Pour la 8ème année consécutive, le ministère des Affaires sociales et de la Santé et l’INCa, en partenariat avec l’Assurance maladie, la Mutualité sociale agricole et le Régime social des indépendants, lancent le mois national de mobilisation Octobre Rose.
Ce dispositif s’attache à informer les femmes de 50 à 74 ans et à les inviter à participer au dépistage organisé. Il vise également à impliquer davantage les professionnels de santé, notamment les médecins généralistes et à prendre en compte les débats sur le dépistage du cancer du sein.

Une campagne entachée cependant par une polémique liée au risque de surdiagnostic lancée par l’Association UFC-Que Choisir.

Généralisé à tout le territoire français en 2004, le dépistage organisé invite toutes les femmes de 50 à 74 ans à se rendre tous les deux ans chez un radiologue agréé pour une mammographie et un examen clinique des seins pris en charge à 100% par l’Assurance maladie. En 2011, quelque 2,4 millions de femmes en ont eu recours soit 52,7% de la population concernée, un peu plus qu’en 2010. Mais ce taux est encore loin de l’objectif européen fixé à 70%.

La réflexion est engagée

« Nous parvenons à mieux soigner ce cancer à condition que le diagnostic soit posé le plus tôt possible », a indiqué la ministre en lançant l’édition 2012 d’0ctobre rose. Interrogée sur les études contradictoires publiées ces dernières années sur l’intérêt du dépistage et le surdiagnostic, principal risque du dépistage systématique, cette dernière a indiqué que la réflexion était engagée « en France comme dans d’autres pays » et qu’il fallait accélérer les études menées, notamment celles de l’Institut national du cancer (INCa).

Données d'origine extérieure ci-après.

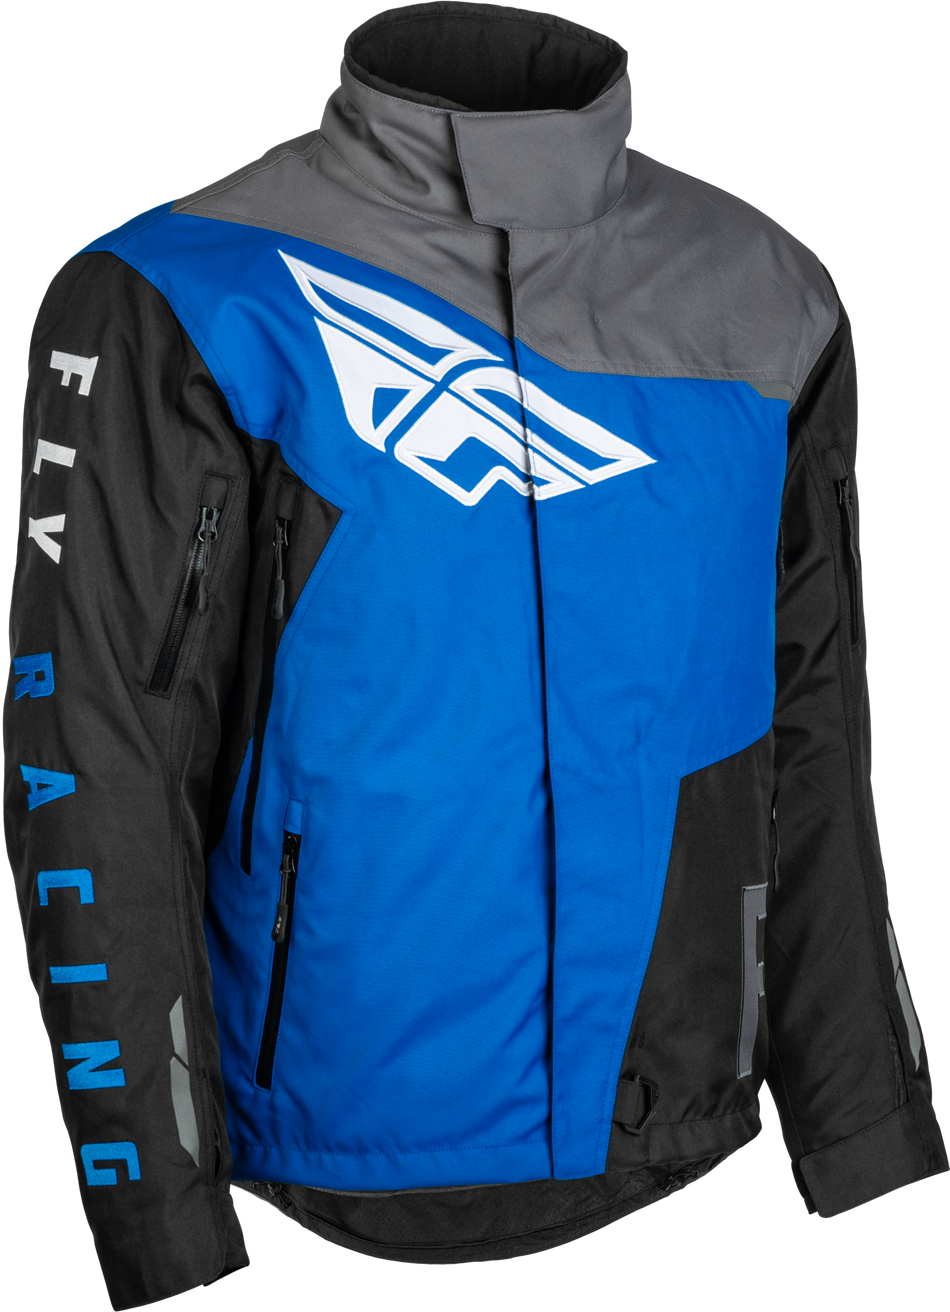 FLY RACING Youth Snx Pro Jacket Black/Grey/Blue Yxs 470-4116YXS

Le surdiagnostic consiste à dépister une petite lésion cancéreuse, qui n’aurait pas évolué en maladie. Évalué selon les études de 1% à 50% (5 à 10% selon l’Institut national du cancer), il peut entraîner des examens et des traitements inutiles, dont certains « lourds de conséquences » comme l’ablation, la radiothérapie ou la chimiothérapie. L’impact du dépistage sur la mortalité fait donc de plus en plus débat dans la communauté scientifique, comme l’a rappelé l’association UFC-Que Choisir, qui a réclamé le réexamen des données scientifiques par un collège d’experts indépendants

Plus de 50 000 cas en 2011 

Pour l’instant, les autorités sanitaires françaises se fondent largement sur des études étrangères pour affirmer que le bénéfice-risque est nettement en faveur du dépistage. En effet, selon une récente étude qui a passé en revue les programmes européens de dépistage, pour 1 000 femmes soumises tous les deux ans à une mammographie entre 50 et 69 ans, sept à neuf décès sont évités et quatre femmes sont surdiagnostiquées.

Alors que la campagne « Octobre rose » marque le pas depuis 2008, Marisol Touraine a rappelé qu’avec 53 000 nouveaux cas estimés en 2011, le cancer du sein est le plus fréquent chez la femme, et constitue la première cause de décès avec 11 400 décès estimés en 2011.